Ant tasks used in building AO-supported projects.
Features
- Fine-grained management of last-modified times within
*.aar
,*.jar
,*.war
, and*.zip
files for optimum reproducibility and publishability. - Generate directory-only ZIP files with a reference timestamp to be able to manipulate ZIP file structure reproducibly while also not losing per-entry timestamps.
-
SEO filter Javadocs: Canonical URLs,
selective
rel="nofollow"
, Sitemaps, and Google Analytics tracking code.
Motivation
Our immediate goal is to have efficient sitemaps for generated Javadocs. The sitemaps must provide accurate last-modified timestamps for generated pages. Our current implementation of reproducible builds is losing last-modified information.

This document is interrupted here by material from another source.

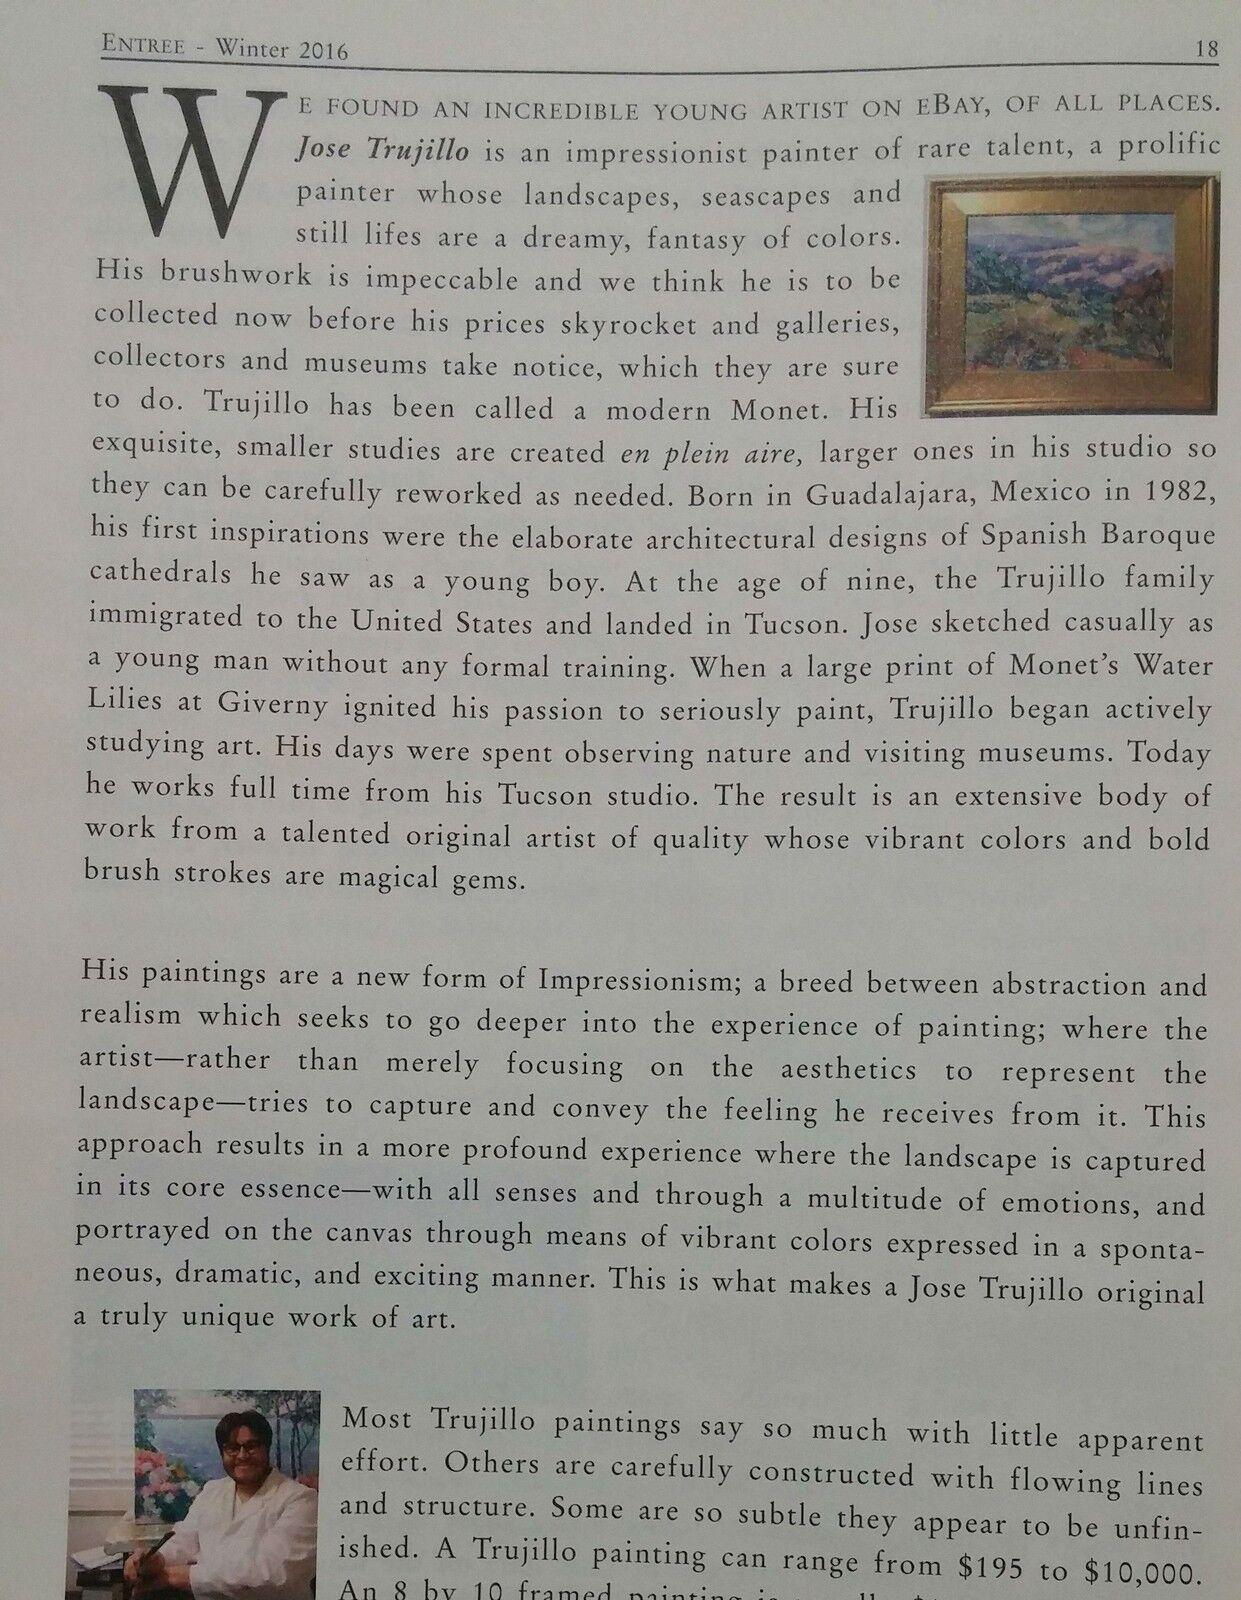 JOSE TRUJILLO OIL PAINTING 16X20 PORTRAIT EXPRESSIONIST IMPRESSIONISM MODERNIST - $329.00

More broadly, we desire accurate last-modified times for all project resources deployed in *.aar
, *.jar
, *.war
,
and *.zip
files. This can have implications for
web content modeling,
web resource caching, and the resulting
sitemap generation.
Standard Solutions and Related Deficiencies
As a simple strategy to create reproducible builds, a typical starting point is to
declare a timestamp in the ${project.build.outputTimestamp}
property.
This timestamp is then used for all entries in all resulting AAR/JAR/WAR/ZIP files. Standard Maven plugins all use this
value, and the Maven Release Plugin will update this
value automatically during releases.
This simple approach, however, introduces an issue when serving web content from the /META-INF/resources
directory
within JAR files (and a similar issue with the main content served directly from or expanded from the main WAR file).
Specifically, in snapshot builds between releases, the JAR/WAR will be recreated with the same timestamp,
thus being updated without the main web application and clients being aware of the change.
One workaround is to modify this timestamp on each commit. This concept can be automated through the use of git-commit-id-maven-plugin, which will use the timestamp of the last commit. This ensures last modified times are updated, so nothing is cached too aggressively. However, it now appears that all resources are modified on every commit. This, in turn, can cause web crawlers to be directed toward many pages that have, in fact, not been updated. When this is Javadoc-generated content, it can cause the crawler to take a while to find actual updated content, or even worse it could distract the crawler from more meaningful changes elsewhere in the site.
Our Solution
Leveraging the Apache Ant tasks provided by this project, our
Jenkins builds will now compare the AAR/JAR/WAR/ZIP files between the last successful build
and the current build. When the entry content is identical to the previous build, the entry will be modified in-place
to have the same timestamp as the previous build. Thus, modified times will be carried through from build to build so
long as the content has not changed. If the entry is new to a build, it will retain the timestamp resulting from
${project.build.outputTimestamp}
as is already done.
Our release builds do not use this optimization. They use standard reproducible timestamps, typically derived from
${git.commit.time}
.
This is only an optimization to assist crawlers in identifying new content more efficiently. We only publish content from our SNAPSHOT (or POST-SNAPSHOT) builds. These snapshots are typically published by Jenkins (which will contain the patched modification times), but may also be published directly by developers (which will use standard reproducible timestamps).
Why Ant Tasks Instead of Maven Plugin?
We have implemented this as Ant tasks instead of a Maven plugin because the task is used to process its own artifacts. While we use the tasks via Apache Maven AntRun Plugin, the versatility of TaskDef Task allows us to pick-up the artifact of the current build on the classpath.